The interpreter is split across several submodules:
- **`walker.rs`** — AST walking, pipeline execution, redirections, compound commands, function calls, subshells
- **`expansion.rs`** — Word expansion (parameter, command substitution, tilde, glob, word splitting)
- **`arithmetic.rs`** — Arithmetic expression evaluator for `$((...))`, `let`, `((...))` with full operator support
- **`brace.rs`** — Brace expansion (`{a,b,c}` and `{1..10..2}`)
- **`builtins.rs`** — Shell builtins that modify interpreter state (cd, export, set, trap, etc.)

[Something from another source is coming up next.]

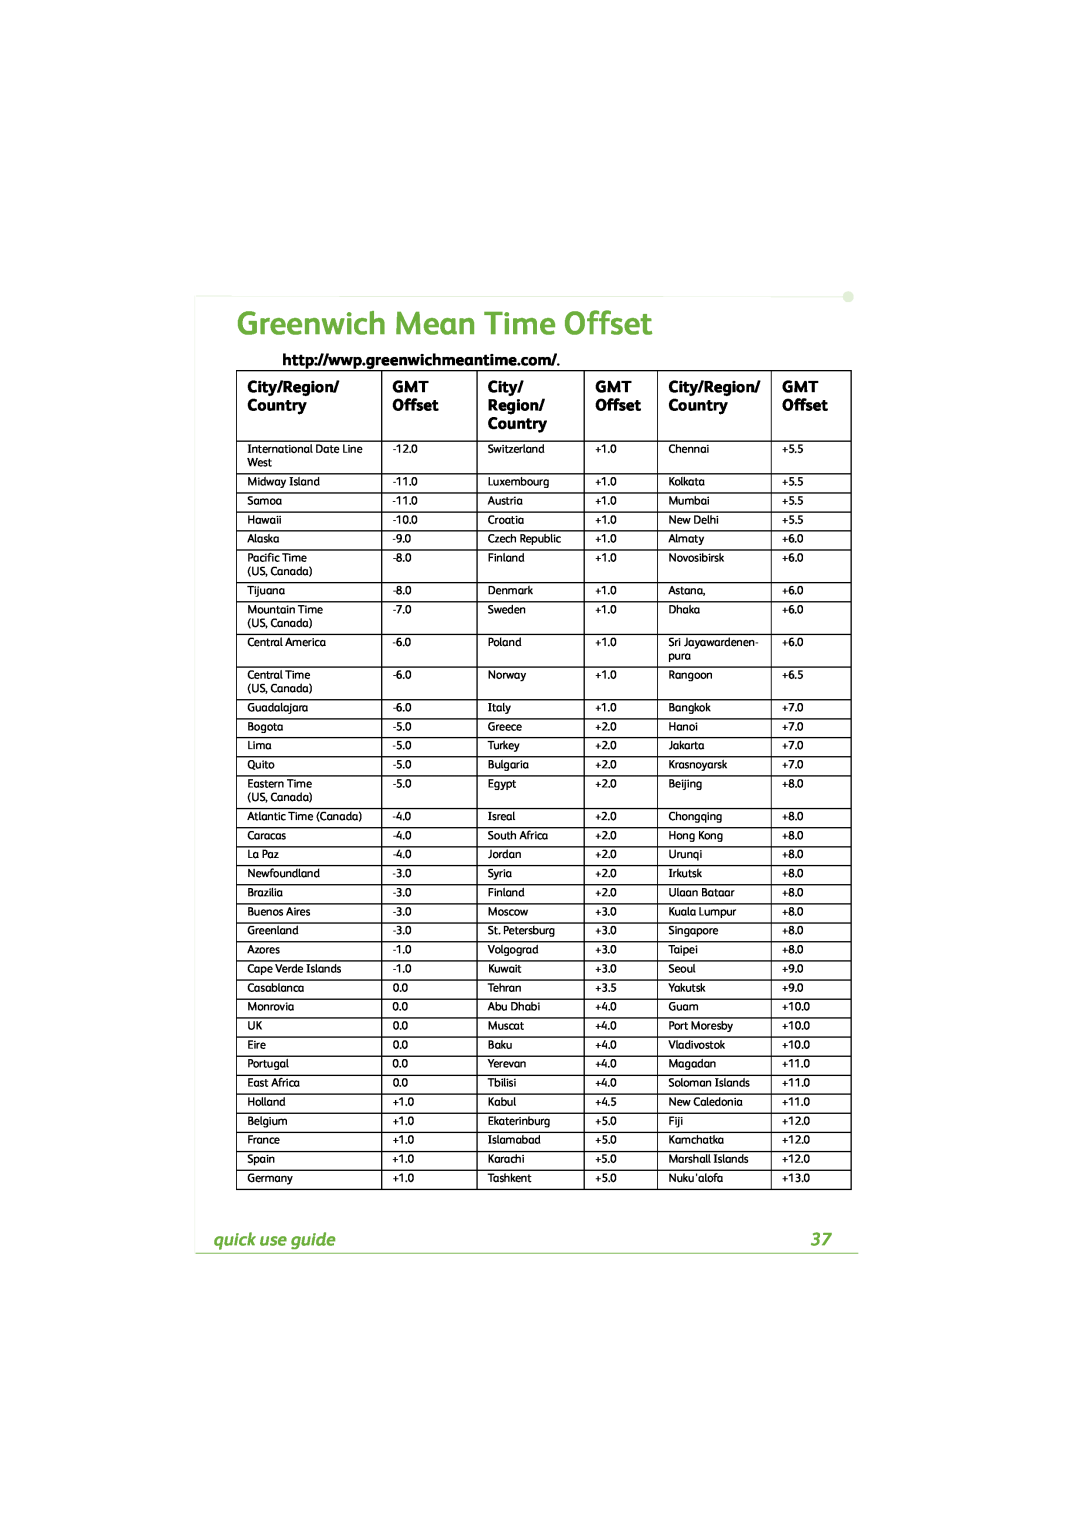 Xerox 4260C manual Greenwich Mean Time Offset, quick use guide

- **`pattern.rs`** — Glob pattern matching used by case statements and pathname expansion
## AST Walking
The interpreter walks the AST in a recursive descent pattern:
```
execute_program(Program)
└── for each CompoundList:
execute_compound_list(CompoundList)
└── for each CompoundListItem:
execute_and_or_list(AndOrList)
└── execute_pipeline(Pipeline)
└── for each Command in pipeline:
execute_command(Command)
├── Simple → execute_simple_command()
├── Compound → execute_compound_command()
└── Function → store in state.functions
```
### Compound List Execution
A compound list is a sequence of items separated by `;` or `&`. All items execute in order. **Stdout and stderr accumulate across all items** — `echo a; echo b` outputs `"a\nb\n"`. Only the exit code comes from the last item.
### And-Or List Execution
`&&` and `||` short-circuit based on the exit code of the left side:
- `cmd1 && cmd2` — execute cmd2 only if cmd1 succeeds (exit code 0)
- `cmd1 || cmd2` — execute cmd2 only if cmd1 fails (exit code ≠ 0)
### Pipeline Execution
A pipeline connects multiple commands with `|`. Each command's stdout becomes the next command's stdin.
**Current approach**: sequential execution with buffered stdout between stages. Each command runs to completion, then its stdout is fed as stdin to the next command. This is simpler than concurrent pipe execution and sufficient for the data sizes AI agents work with.
**Future optimization**: for large data pipelines, implement concurrent execution where commands run simultaneously with streaming pipes between them.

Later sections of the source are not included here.